Имс снова глянул в окна. От многочисленных волнорезов отходили сияющие кораблики, в небе бесшумно разрывались фейерверки, тонкая подкова луны неподвижно висела слева от колеса обозрения.
— Чья это... музыка?
— Его.
— Так какого черта он не хочет с ней работать, как все другие, в поте лица своего?
— Вы уверены, что это ваше дело?
— Послушайте, если мы говорим о настоящем творце — в чем я, признаться, сомневаюсь, — все это и так произойдет естественным образом, без всякого вмешательства... Он просто не сможет сдержать силу по-настоящему мощного... э-э-э... произведения. А если сможет — значит, оно того и не стоило. Откуда мелодия известна, кстати?
— Он частично записал ее на одном лейбле.
— На каком же лейбле? — издевательски протянул Имс, сощурившись. — И вы решили украсть музыку у этой компании? Банальное пиратство?
— Я купил компанию, — поправил его собеседник, поднося к губам салфетку. Накрахмаленная ткань едва слышно скрипнула в паузе между жалобами саксофона. — Решил, так будет проще. С вашим воображением, мистер Имс, пиратство в предлагаемом мною, как вы выразились, антураже, должно показаться вам...
— … забавным.
— Именно.
— Что произошло дальше? — резко спросил Имс. — Зачем внедрять человеку его собственную музыку?
Сайто развел руками:
— Он забыл ее.
— Забыл?
— О да. Забыл. И отказывается вспоминать. Я полагаю, это не должно показаться вам странным.

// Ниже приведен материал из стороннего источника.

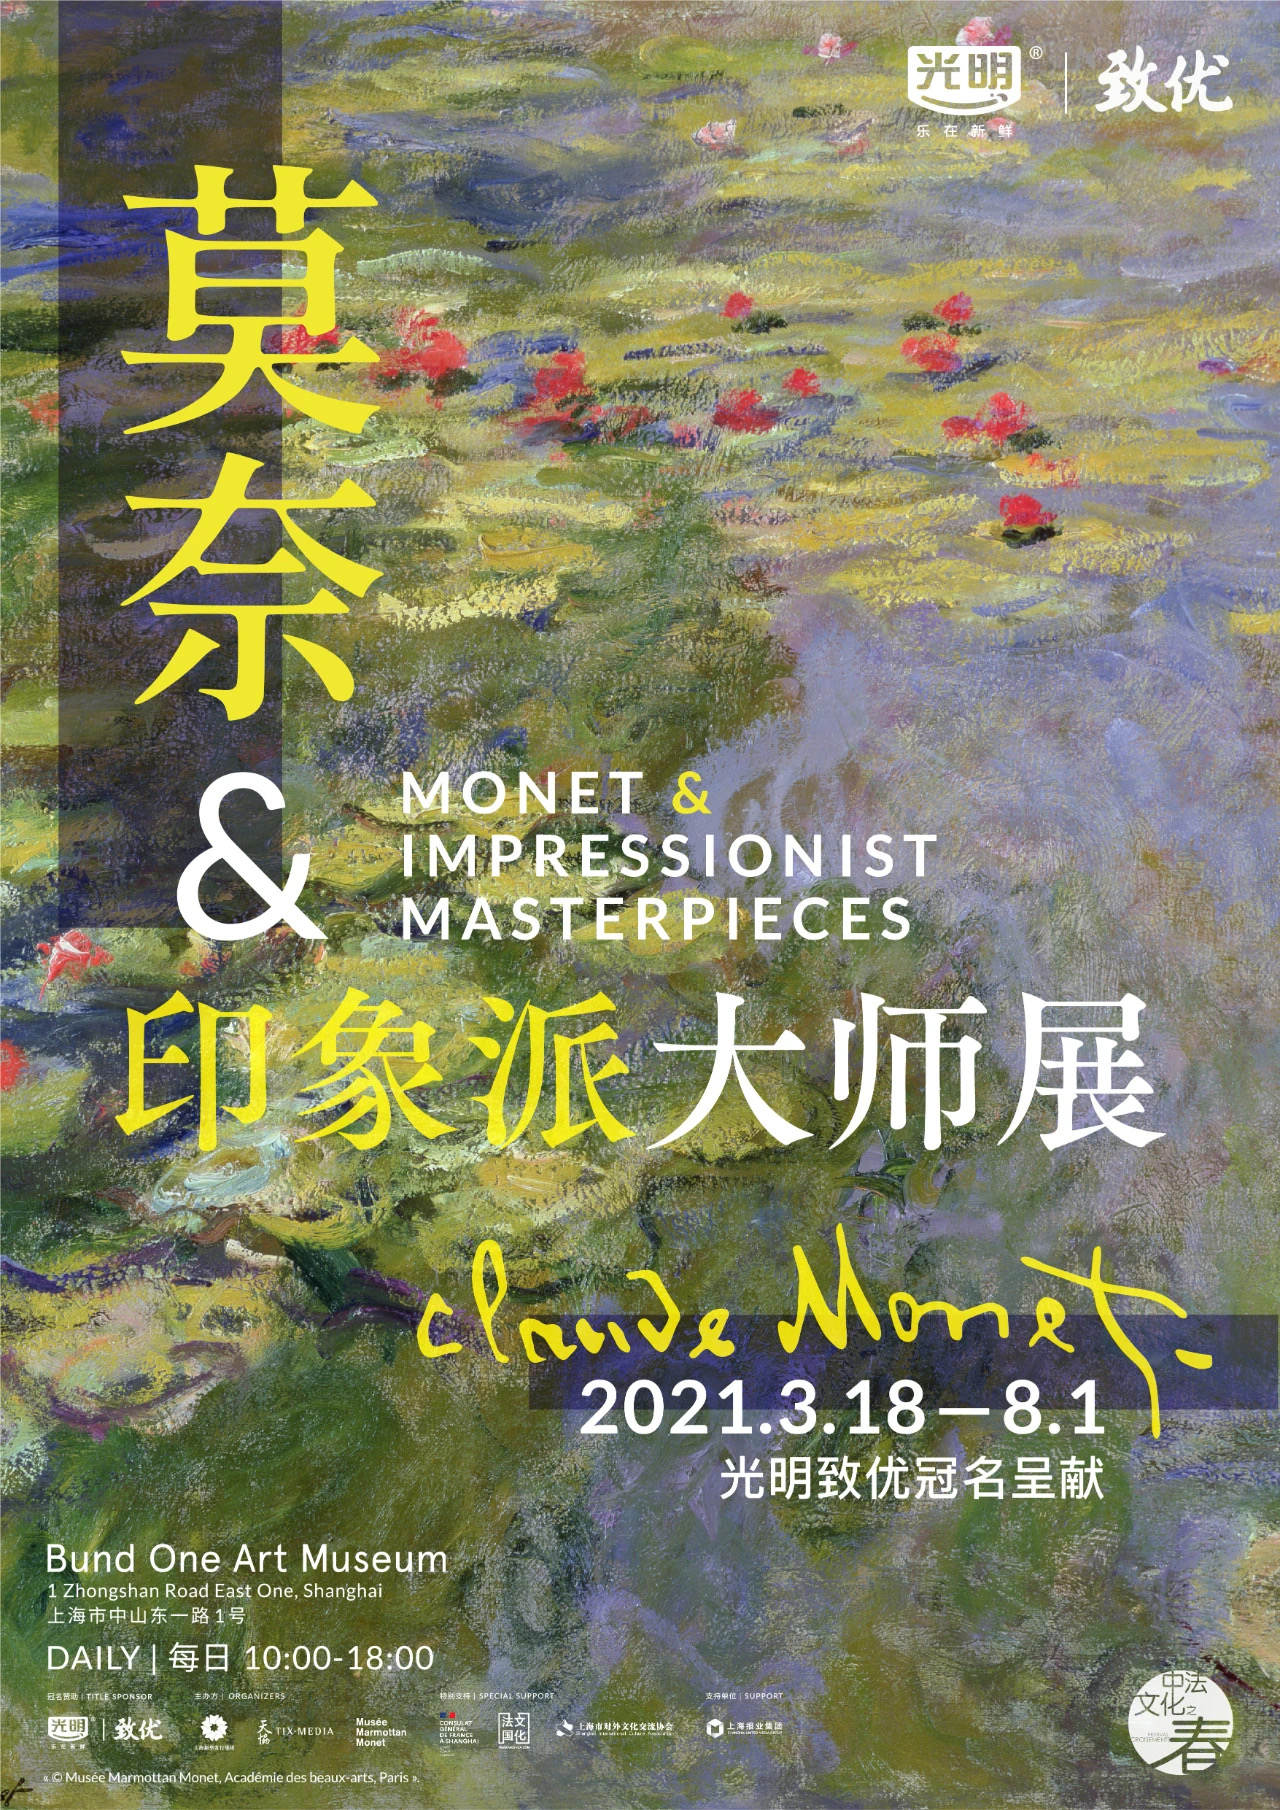 「莫奈与印象派大师」特展将于 3 月 18 日在上海开展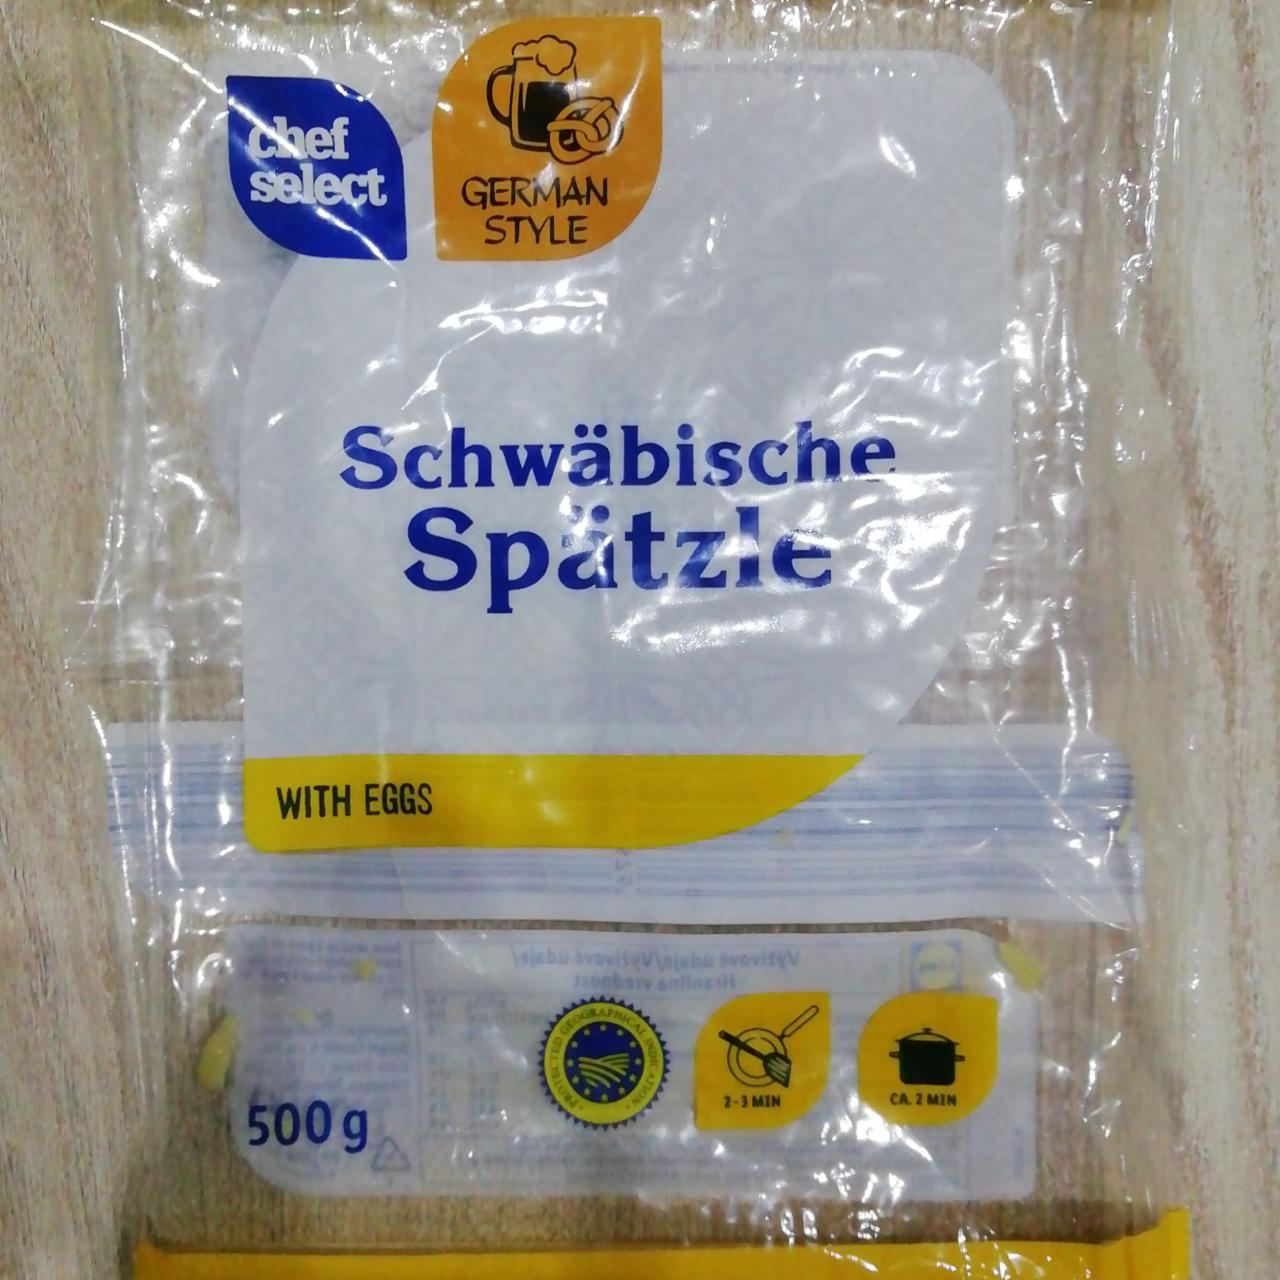 Fotografie - Chef Select Schwabische Spatzle

— Ну что вы, — процедил Имс сквозь зубы. — Как быть с полным отсутствием у меня слуха? Я могу видеть себя в мечтах хоть Паваротти — хотя предпочел бы более спортивный образ, — но провести музыканта...
— Вы склонны считать это моей проблемой? — Сайто аккуратно подвинул в сторону нож. Теперь на столе никакие три предмета не находились на одной прямой. — Я смогу сопровождать вас не более чем в качестве восторженного слушателя.
— Буду вынужден отказаться.
— Боюсь, вам не удастся.
Музыка оборвалась на высокой, нервирующей Имса ноте. Музыкант неторопливо поклонился своим ботинкам и прошел куда-то в кухню. Имитатор проклял последовательно безденежье, любопытство и климат. Климат — дважды. В зале громко и излишне восторженно хлопали. Причем не только дамы. Имс сморщился и заправил салфетку за широкий ворот расстегнутой рубахи. Та немедленно обвисла парусами попавшего в штиль фрегата. Тысяча морских чертей, он намерен, по крайней мере, нормально поесть за счет этого ненормального саксофила.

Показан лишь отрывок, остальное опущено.